Anne E. Johnson is the Program Division Director of the Office of Bioresearch Monitoring Operations, Division 1 within the Office of Regulatory Affairs (ORA) in the Food and Drug Administration (FDA). She directs field inspectional operations covering FDA-regulated clinical and non-clinical research, post-marketing pharmacovigilance and select pre-approval programs designed to ensure human subject protection, evaluate data quality and integrity in product approval applications, and assess industry conformance with laws and regulations. Her division covers the eastern third of the United States, including Puerto Rico and the U.S. Virgin Islands.

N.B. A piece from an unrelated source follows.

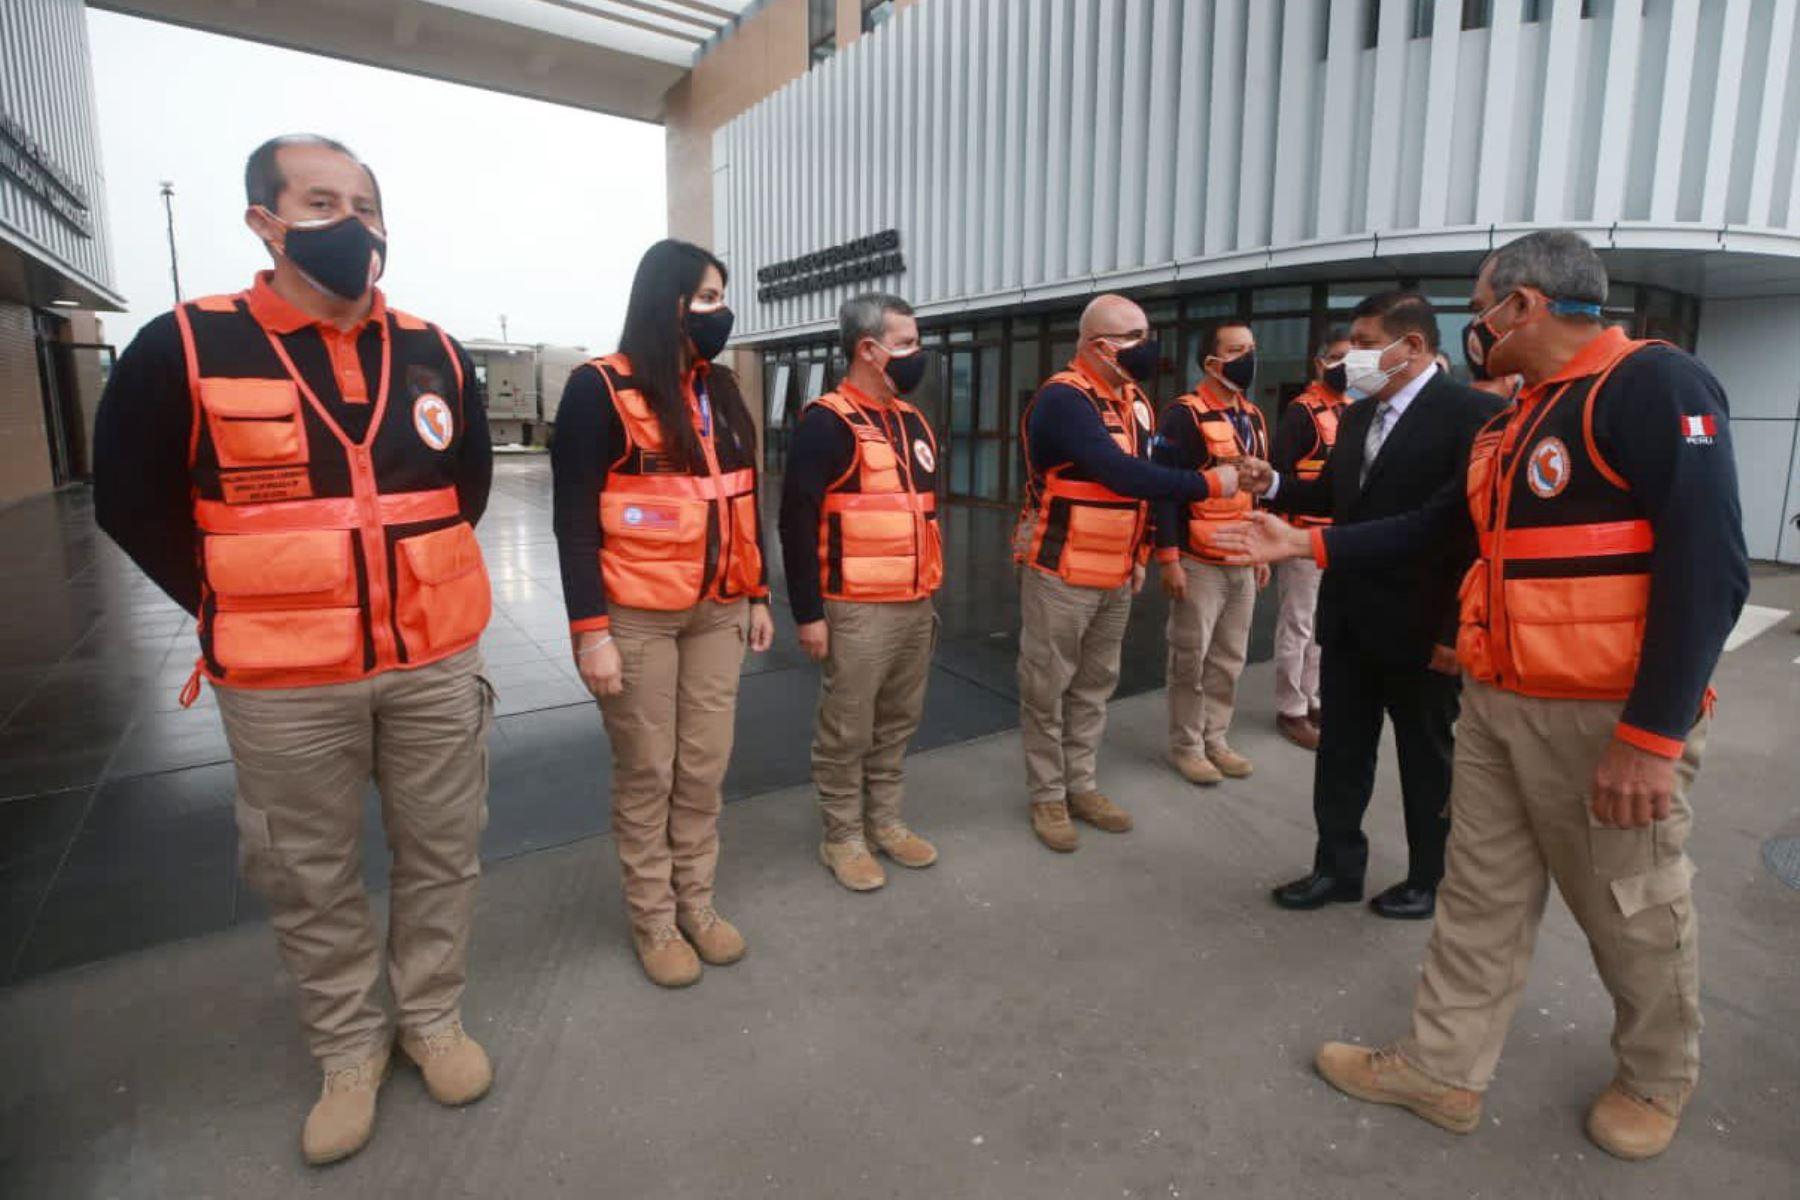 El ministro de Defensa, Walter Ayala, visita el Centro de Operaciones de Emergencia Nacional, COEN Perú.  Con el objetivo de supervisar el trabajo que se realiza en el Sector, ante emergencias, sismos y desastres naturales. Foto: Mindef

She is also the District Director of FDA’s Philadelphia Office and the senior FDA representative and point of contact for the states of Pennsylvania and Delaware. In this capacity, she is responsible for liaison, emergency response and collaboration activities with other federal, state, and local agencies, while maintaining oversight for employee support and safety, and FDA facilities located within the district.
Ms. Johnson began with the FDA as an investigator and promoted to compliance officer, specializing in enforcement and regulatory follow-up in biologics, biotech drugs and biological device industries worldwide. She then became a supervisory investigator and district food monitor, advancing as Deputy District Director prior to her current positions.
Ms. Johnson is active on the speaking circuit, presenting at conferences for regulators, industry, academia, and stakeholders. She has researched and provided briefing and background information for use in preparation for congressional hearings and testimony, worked on national special security events, and overseen the execution of federal contracts. She chairs several committees and is an FDA trainer for managers and supervisors. She holds a B.A. in Chemistry, from Rutgers University.